LE DROIT A L'AVORTEMENT : UN DROIT QUE LES FEMMES AFRICAINES DOIVENT CONQUÉRIR
 
C'est un malheur que de naître femme sur le continent africain, de surcroît quand on est pauvre. L'avortement fait des milliers de victimes, mais on continue de l'interdire aveuglément, officiellement du moins, tout en fermant les yeux sur ce qui se pratique dans la clandestinité. Le droit à l'avortement ne fait pas encore partie du débat politique en Afrique Noire. C'est consternant. Les lobbies religieux sont très puissants.  Les religieux se contentent juste de dénoncer l'avortement, sans rien proposer en retour. Pendant ce temps, en Europe, les jeunes filles ont droit à l'avortement. Mais il faut souligner que même en Europe, en France par exemple, il n'a pas été facile non plus de donner ce droit légitime aux femmes. La loi Simone Veil ne date que de 1975. Lors du débat parlementaire, certains députés n'ont pas trouvé d'autres arguments que de brandir la Bible pour s'opposer à ce droit : toujours la religion, encore la religion.
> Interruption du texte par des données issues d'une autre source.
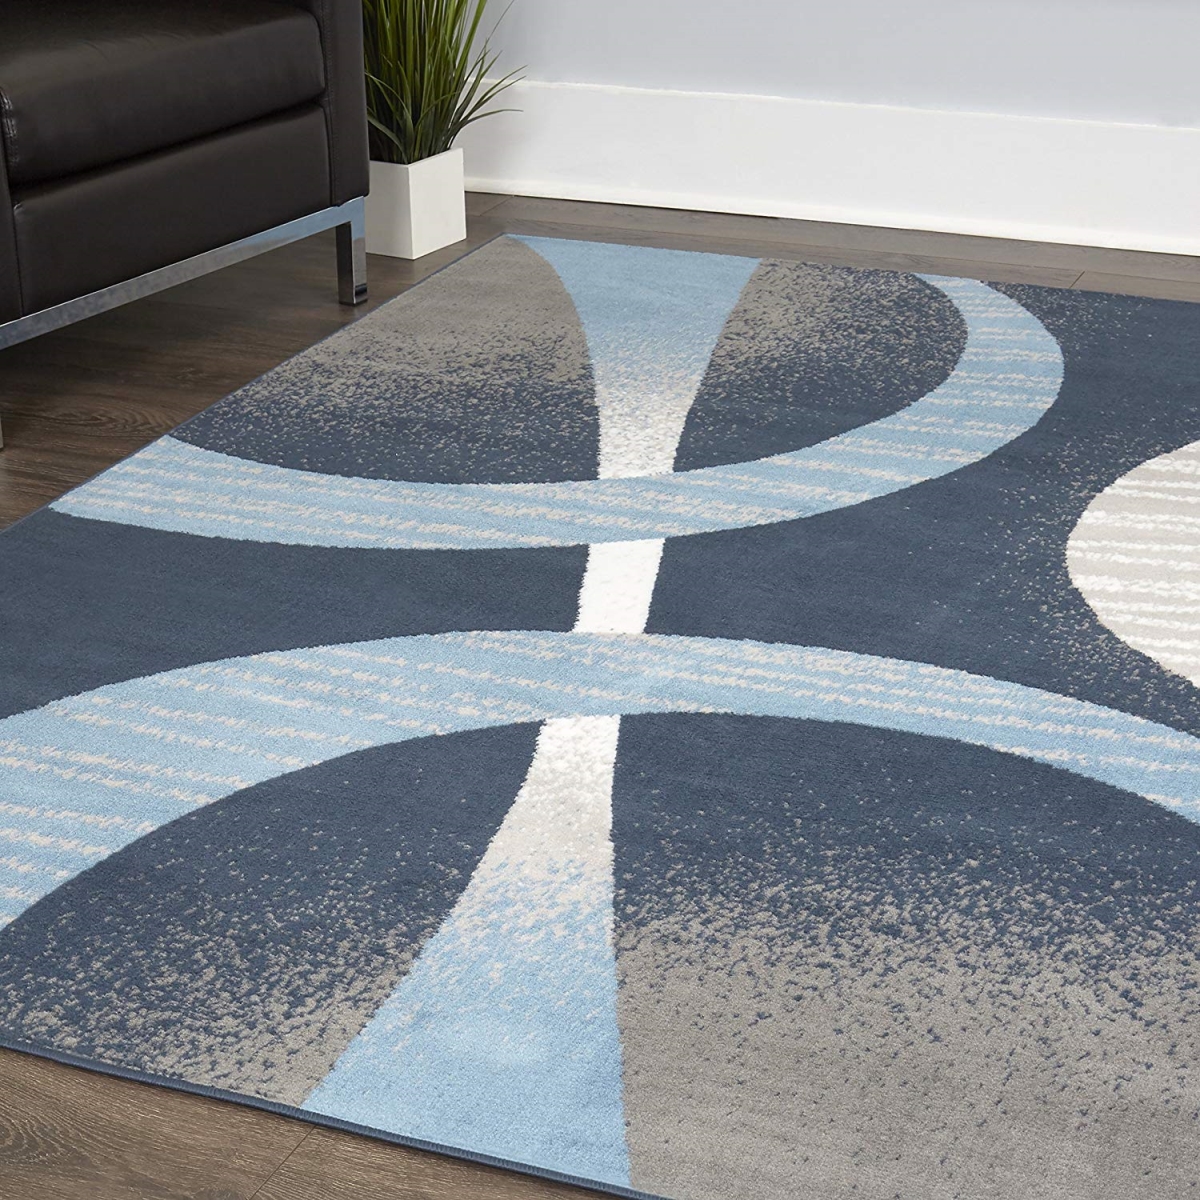 769924532454 1 Ft. 9 In. X 7 Ft. 2 In. Lyndhurst Melia Runner Area Abstract Rug - Midnight Blue & Blue

Mais la loi est passée, elle est même assouplie cette année pour permettre aux femmes de faire ce qu'elles veulent de leur corps. L'islam et le christianisme sont des religions du crime dans ce domaine.
 
En Afrique, il faut se battre pour donner le droit d'interruption volontaire de grossesse aux femmes. C'est le seul moyen de mettre fin au taux élevé de mortalité liée directement aux complications de l'avortement. C'est un crime que de regarder nos filles, complètement aux abois, mourir, suite à une simple grossesse non désirée. Arrêtons de nous voiler la face : l'avortement doit être gratuit et pratiqué dans les hôpitaux dans de bonnes conditions afin d'enrayer la mortalité de nos jeunes filles. Il faut par ailleurs donner à nos filles des moyens de contraception efficace. Mais on n'en est pas encore là en Afrique, tant que ces religions inventées de toutes pièces ailleurs et exportées sur notre continent, continuent d'aveugler les pratiquants, les poussant à se mêler de tout, même de ce qui ne les regarde pas. L'imam et le curé n'ont absolument rien à voir dans ce débat. Les religieux, ces camarillas des pouvoirs politiques, disent qu'il faut respecter la vie de l'embryon. Mais il faut également respecter la vie des filles qui sont les premières à être concernées : ce sont elles les victimes.
 
 Il est plus que temps d'agir : le débat sur la légalité de l'interruption volontaire de grossesse doit être posé sur la table et discuté. C'est simplement criminel de continuer à regarder les bras croisés, nos filles mourir au printemps de leur vie, sous le prétexte fallacieux qu'on est des croyant. Arrêtons l'hypocrisie.